3. **Apply only at error sites,** not every turn. Detect via:
   - Failed tool calls (status != ok)
   - Exception traces in tool output
   - Optional: a lightweight judge model flagging "this turn was wasteful" (matches Cursor's "communication style" use case)
4. **Loss = `α * GRPO_loss + β * SDPO_KL_at_error_turns + γ * trace_replay_DPO_loss`.** Ablate `(α, β, γ)`.

## Implementation handles for v0.2 (decentralized scale)

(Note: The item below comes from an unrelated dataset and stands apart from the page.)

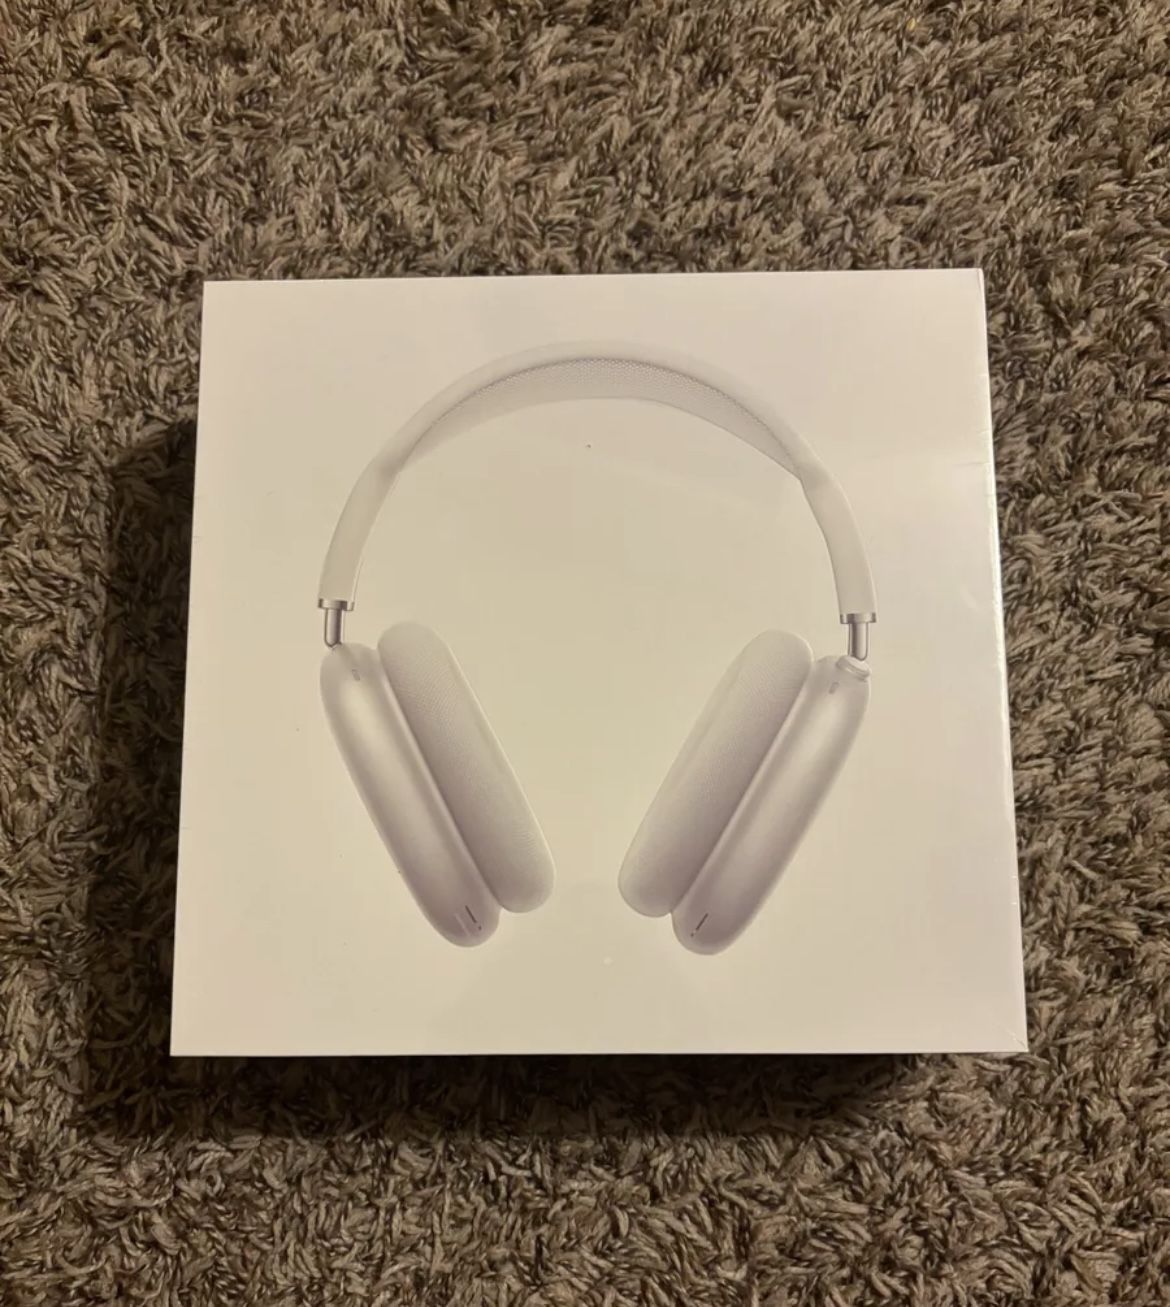 Apple AirPod Max Headphones -Silver Over Ear Headphones Earbuds

If v0.1 validates and we scale, here's what each Composer-stage maps to in a multi-cluster setting:

- **Continued pretraining:** Pretrained checkpoint already exists (Qwen3-32B); skip.
- **Synthetic data:** Generators run on CPU pool, producing OpenEnv tasks pushed to a shared queue. Embarrassingly parallel.
- **Realistic-env RL:** PRIME-RL's orchestrator/trainer/inference split, vLLM↔FSDP2 weight broadcast (SHARDCAST). v0.2 adds Streaming DiLoCo outer loop only when training spans clusters.
- **Targeted hint-distill:** Compute is local to each trainer — no decentralization complication.
- **Trace-replay-distill:** Teacher API calls are independent — embarrassingly parallel across rollout workers. VOI gating becomes more important to control cost at scale.
- **Sharded Muon / dual-mesh HSDP:** Only if we adopt MoE base. For dense 32B, FSDP2 is fine.

## Citations (updated)

Primary sources for each Composer-2.5 component, post-audit:

- **Cursor blog** — [Introducing Composer 2.5](https://cursor.com/blog/composer-2-5) (2026)
- **Cursor blog** — [Composer 2 technical report](https://cursor.com/blog/composer-2-technical-report) (predecessor; named the "Anyrun" environment per subagent — verify if needed)
- **OPSD paper** — Zhao et al., *Self-Distilled Reasoner: On-Policy Self-Distillation for LLMs*, [arXiv:2601.18734](https://arxiv.org/abs/2601.18734), code at [siyan-zhao/OPSD](https://github.com/siyan-zhao/OPSD). MIT.
- **SDPO paper** — Hübotter et al., *Reinforcement Learning via Self-Distillation*, [arXiv:2601.20802](https://arxiv.org/abs/2601.20802), ICLR 2026 Scaling Post-training Workshop. The direct formalization of Composer's hint-distill.
- **Self-Distillation continual-learning** — [arXiv:2601.19897](https://arxiv.org/abs/2601.19897). Cited by Cursor; less directly relevant.
- **Moonshot Kimi K2.5** — base model, [HF model card](https://huggingface.co/moonshotai/Kimi-K2-Thinking).

The methodology mapping in this document supersedes vague claims in `research/01-composer-2.5.md` where the two conflict; that file is preserved unchanged for provenance (a snapshot of the parallel-research dispatch output) but should not be cited as ground truth on its own.